Dans le Vieux-Carouge par exemple, de nombreux appartements sont situés le long de la ligne 12. Ils sont donc, a priori, très exposés. Or, en réalité, les nuisances sonores dues au passage des trams ne sont pas une fatalité : elles sont souvent dues à une vitesse excessive causant crissements, freinages trop brusques, etc. Le bruit peut en effet facilement être réduit par
une vitesse et une conduite adaptées. Lorsque ce n’est pas le cas en revanche, les habitants sont réveillés dès le passage des premiers convois, après 4h du matin, et peuvent difficilement dormir avant minuit.

Une situation difficilement acceptable, ce d’autant plus que la densité de population est élevée au centre-ville et que le problème est susceptible de concerner de nombreuses familles. Par conséquent, il est primordial, dans ce type de zones, que les conducteurs adoptent une conduite adaptée à la situation. Pour l’instant, il apparaît que des problèmes tendent à persister, notamment à Carouge.

Mes questions sont donc les suivantes :

1) Les conducteurs sont-ils sensibilisés à cette problématique ? Si oui, de quelle manière ?

2) S’ils ne parvenaient pas à garantir que les conducteurs respectent durablement une conduite adaptée dans les zones habitées, quelles mesures supplémentaires les TPG prendraient-ils ?

3) Le Conseil d’Etat a-t-il été informé de cette problématique, et, d’une manière générale, comment entend-il y répondre ?

Que le Conseil d’Etat soit vivement remercié par avance pour les réponses qu’il apportera à la présente question.
RÉPONSE DU CONSEIL D’ÉTAT
En préambule, il est important de rappeler que le concept d’exploitation du réseau tramways comprend quatre lignes (12/14/15/18) circulant sur 33,1 kilomètres de réseau ferré.
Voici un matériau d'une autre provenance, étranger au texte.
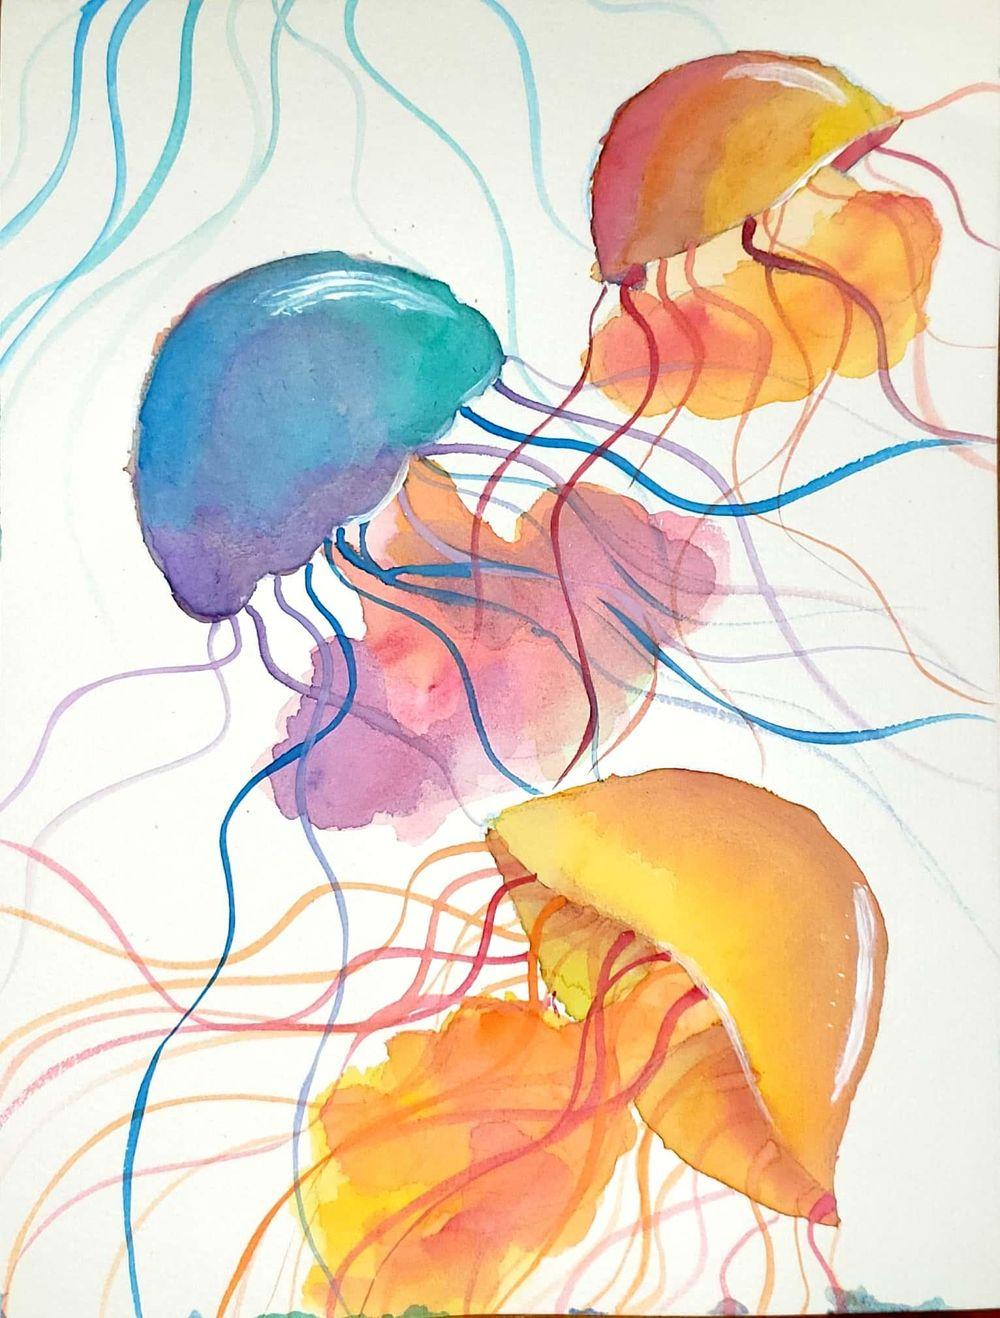 Wonderful Watercolors! - image 3 - student project

Selon l’indicateur places kilomètres réalisés (PKR) des contrats de prestations liant les Transports publics genevois (TPG) à l’Etat, l’offre a progressé à ce jour de 118 % depuis 2002.
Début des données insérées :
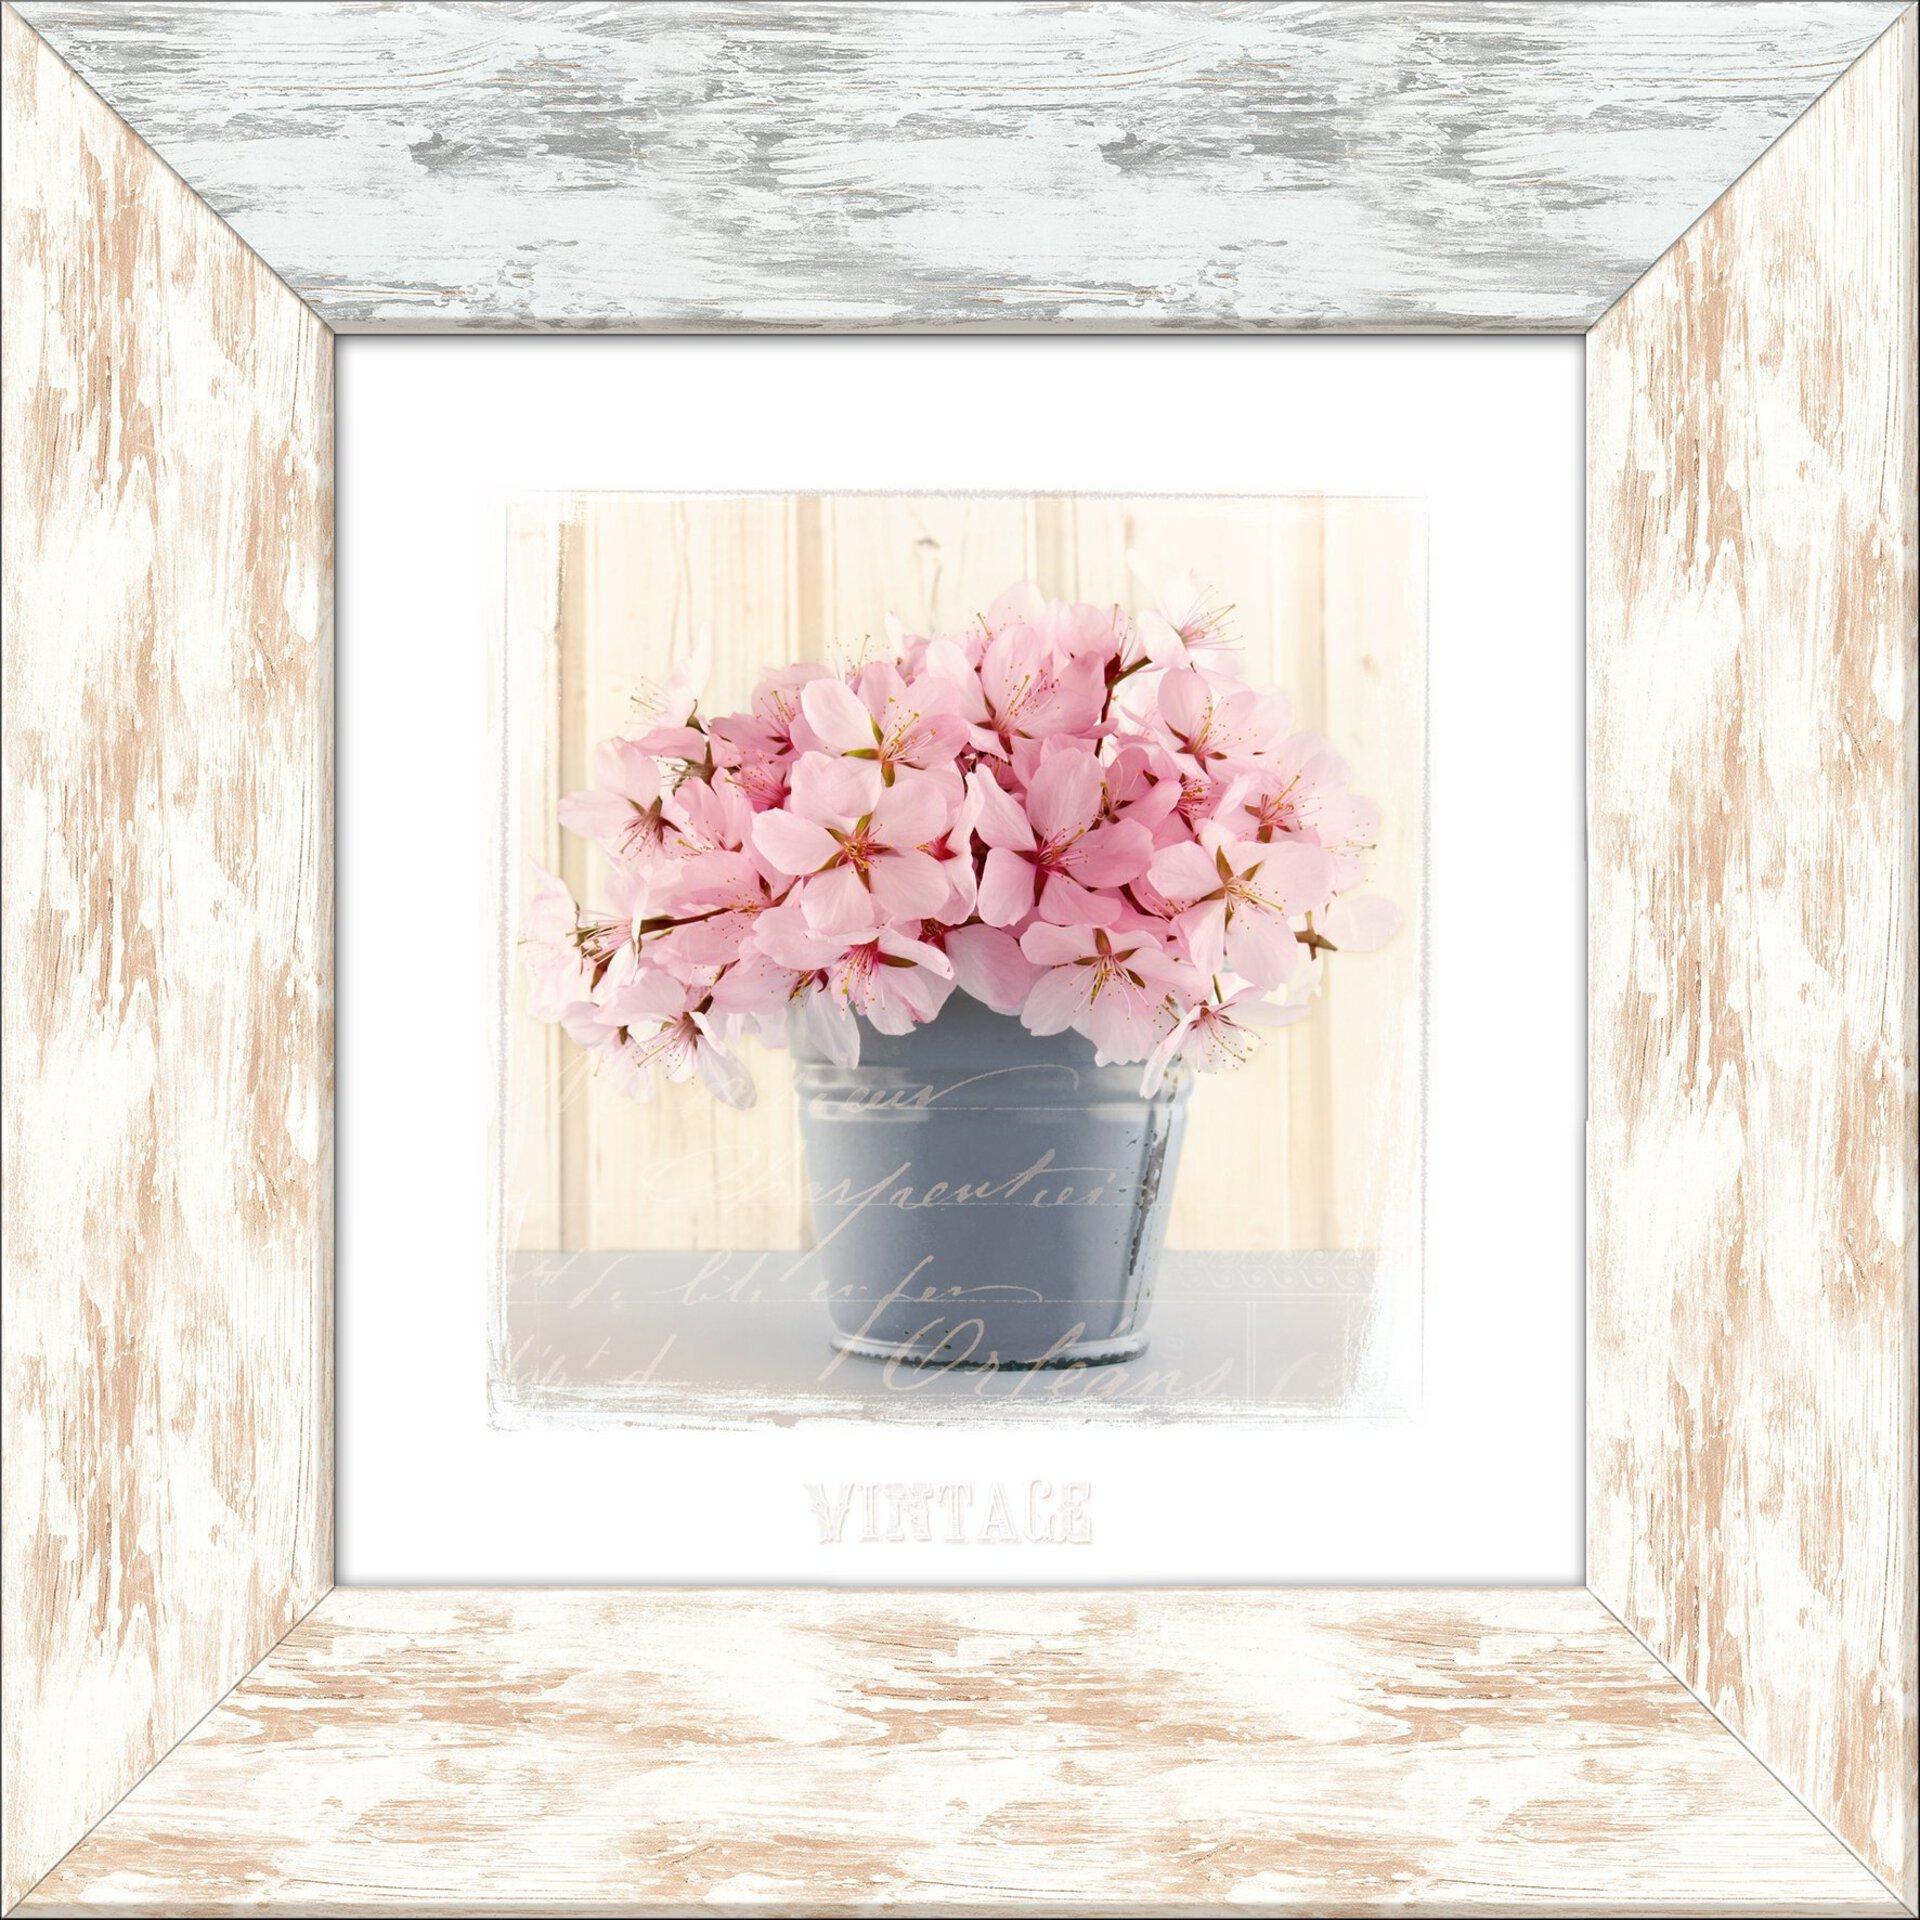 Bild Herbstrose I Pro-Art Holzwerkstoff mehrfarbig 44 x 44 x 1 cm

Pour réaliser l’offre de transport tramways, les TPG disposent de trois types de matériels roulants, à savoir le Düwag (23 convois), le Bombardier CityRunner (39 convois) et le Stadler Tango (19 convois). Ce matériel est homologué par l’Office fédéral des transports (OFT) et les convois les plus récents ont des charges à l’essieu plus importantes (+24 % pour le convoi Stadler par rapport au convoi Düwag et +40 % pour le convoi Bombardier par rapport au convoi Düwag). Dans ce contexte de développement des infrastructures ferroviaires, de l’évolution du matériel roulant et de l’offre de transport tramways, les nuisances ont augmenté proportionnellement.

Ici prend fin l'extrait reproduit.